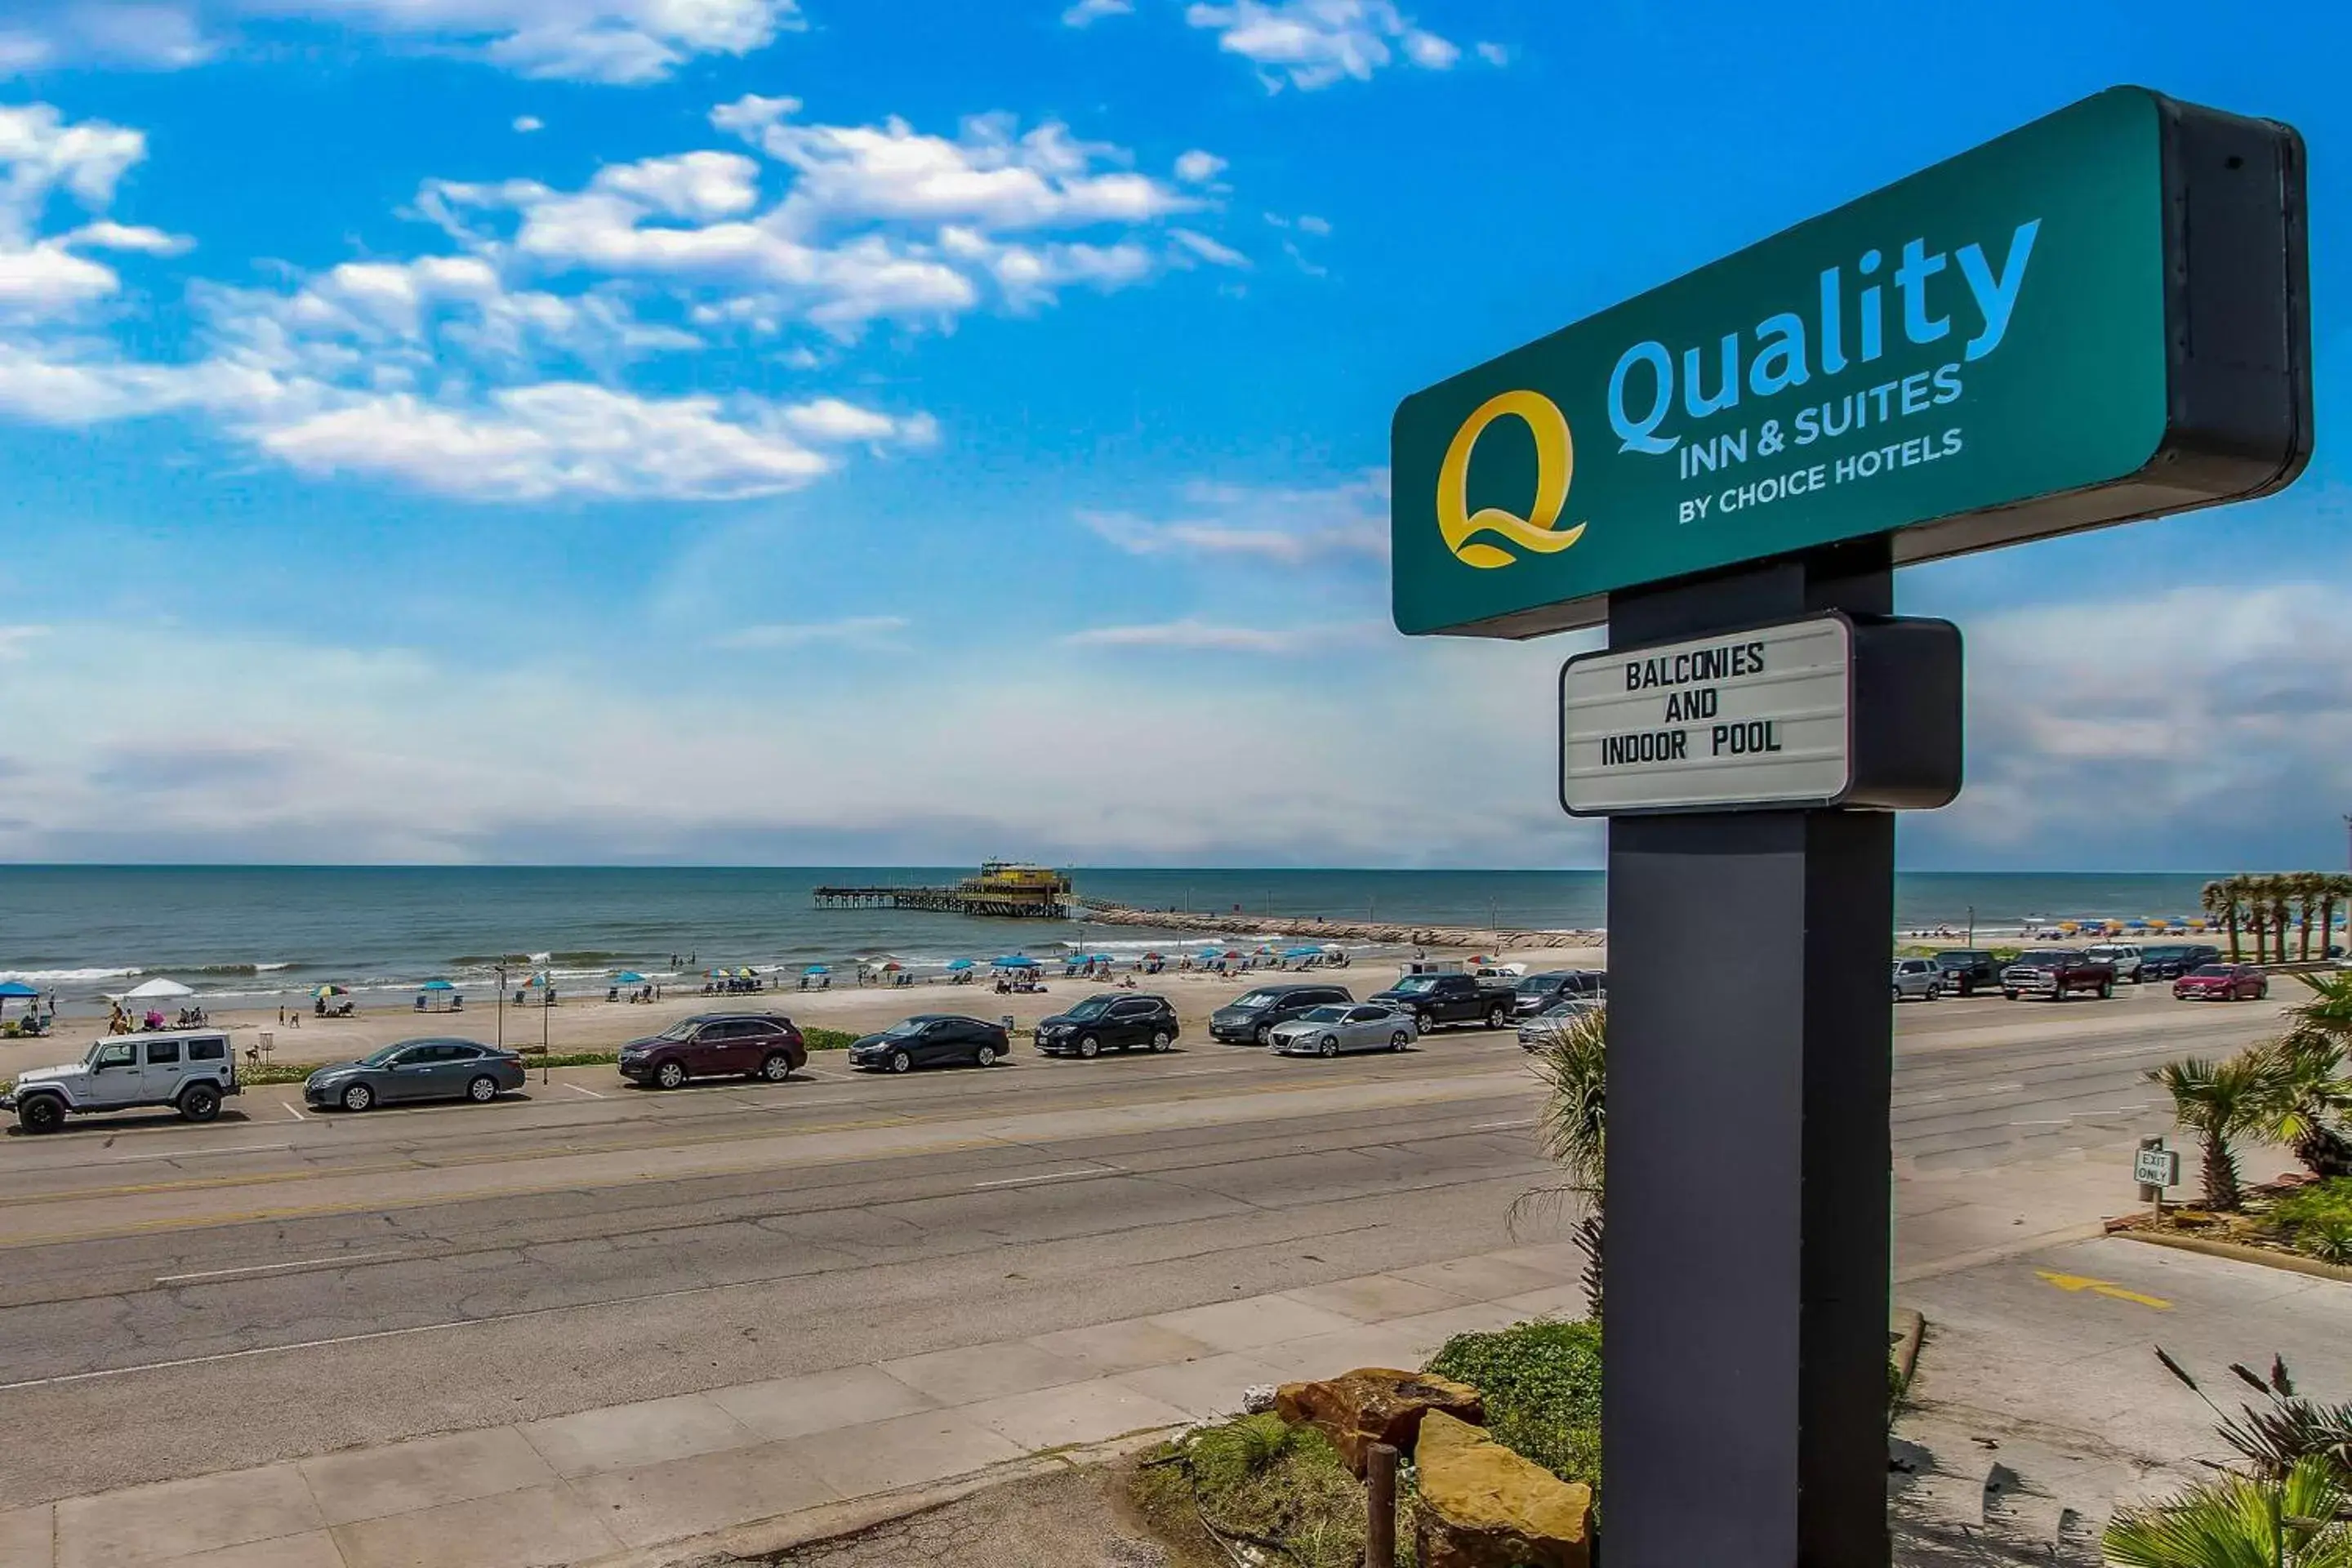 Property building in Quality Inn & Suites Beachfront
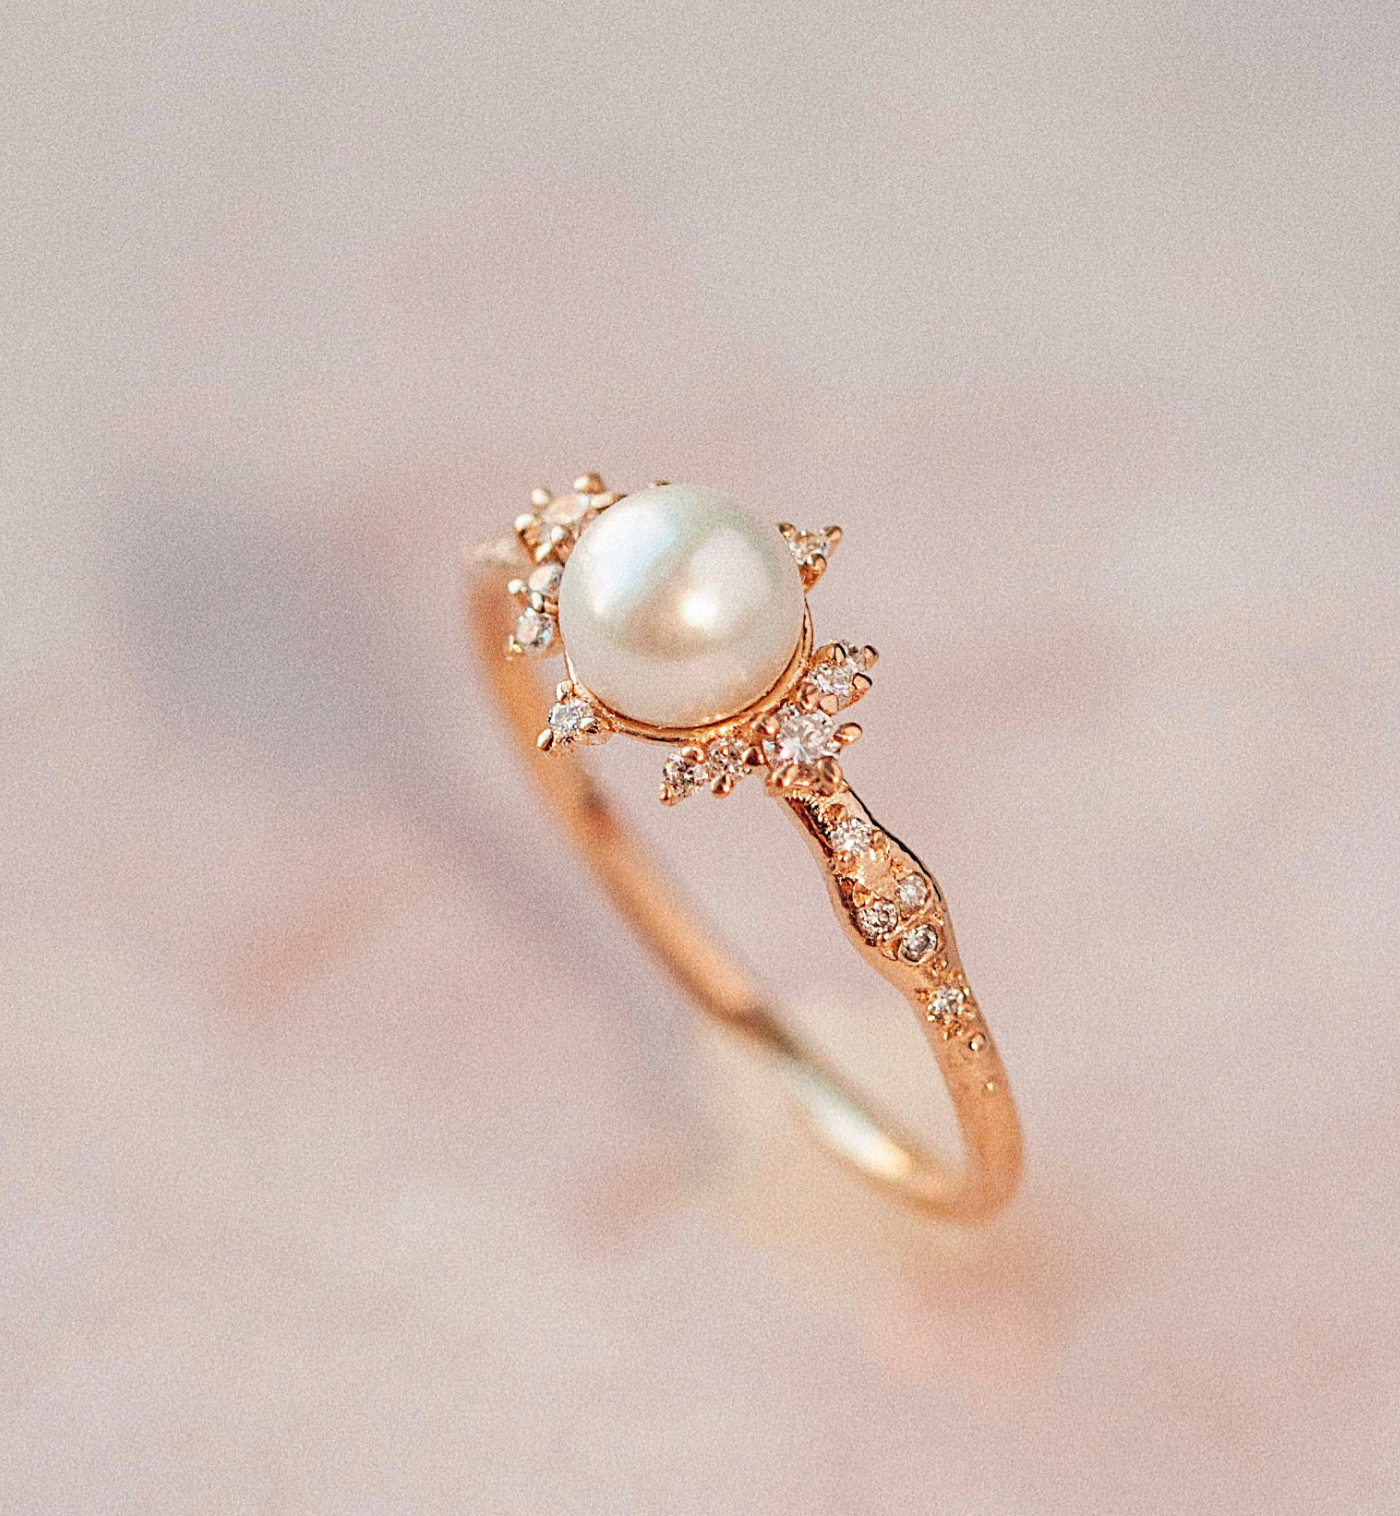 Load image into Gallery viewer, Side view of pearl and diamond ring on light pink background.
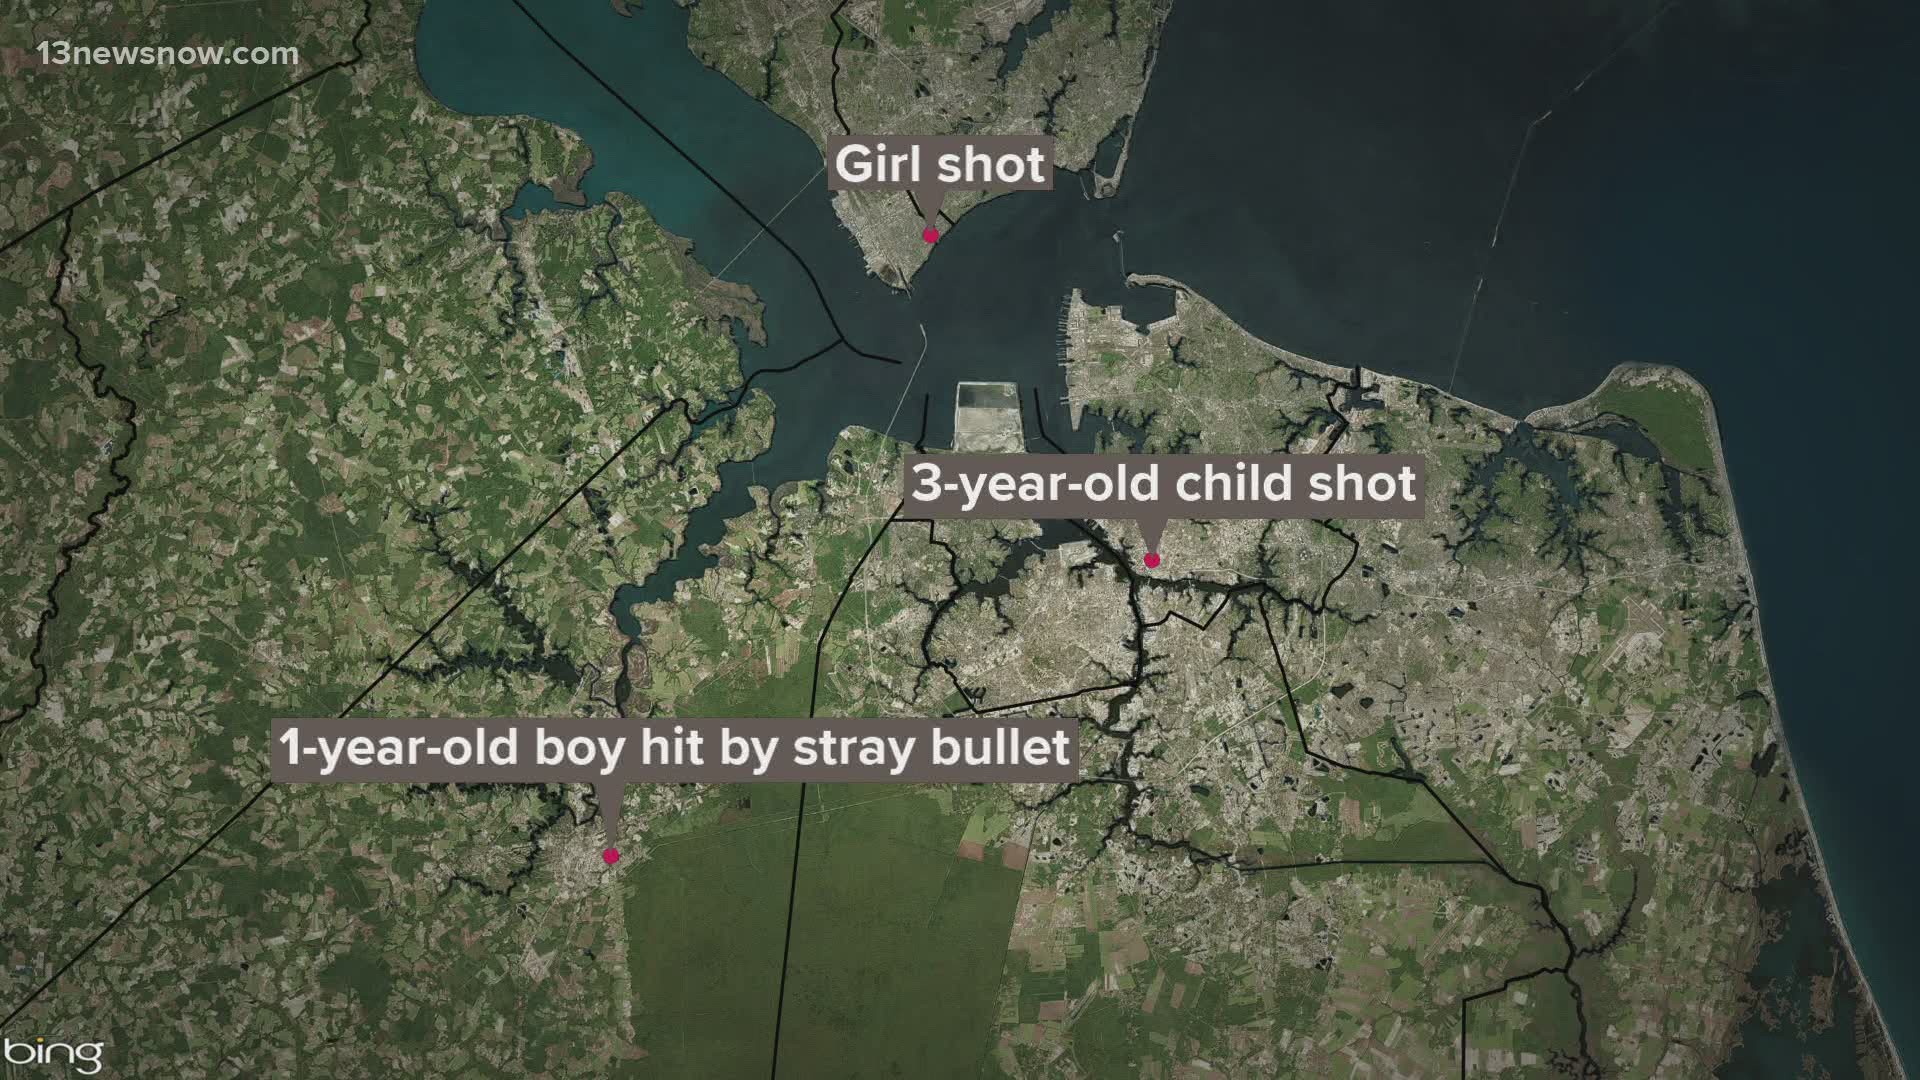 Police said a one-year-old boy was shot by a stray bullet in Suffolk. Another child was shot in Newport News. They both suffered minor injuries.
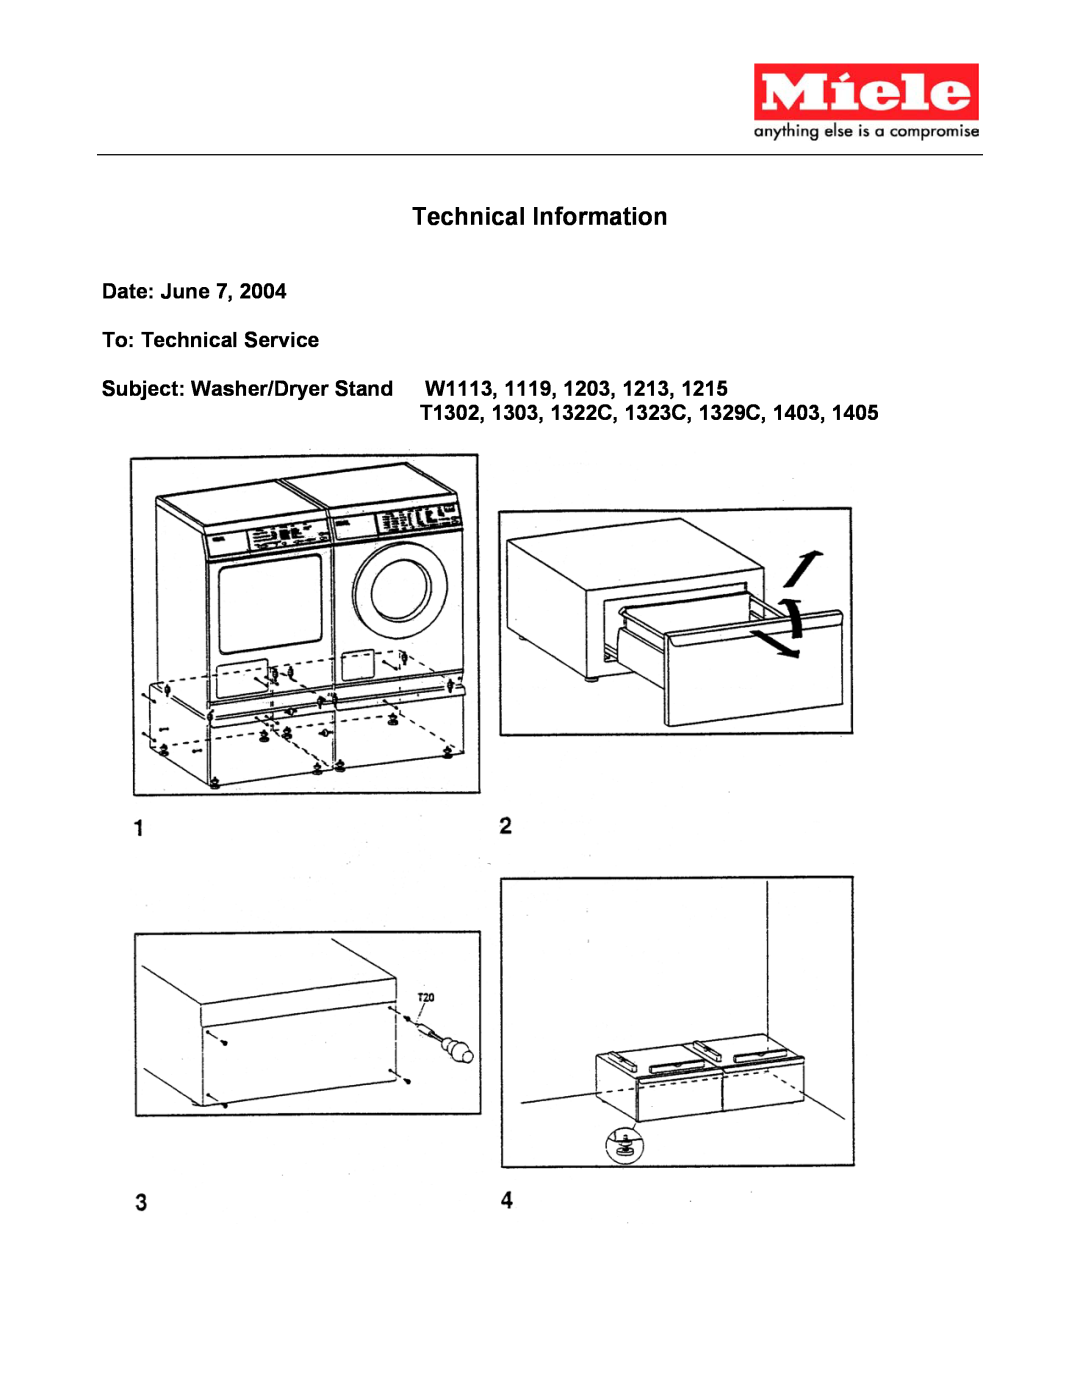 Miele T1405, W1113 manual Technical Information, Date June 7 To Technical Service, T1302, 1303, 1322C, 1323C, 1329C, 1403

• **EXERCISE BRIEF**
Retype the data above exactly; pictures are not part of the copy.

• **TASK OUTPUT**
 Property building in Quality Inn & Suites Beachfront
 Load image into Gallery viewer, Side view of pearl and diamond ring on light pink background.
 Police said a one-year-old boy was shot by a stray bullet in Suffolk. Another child was shot in Newport News. They both suffered minor injuries.
 Miele T1405, W1113 manual Technical Information, Date June 7 To Technical Service, T1302, 1303, 1322C, 1323C, 1329C, 1403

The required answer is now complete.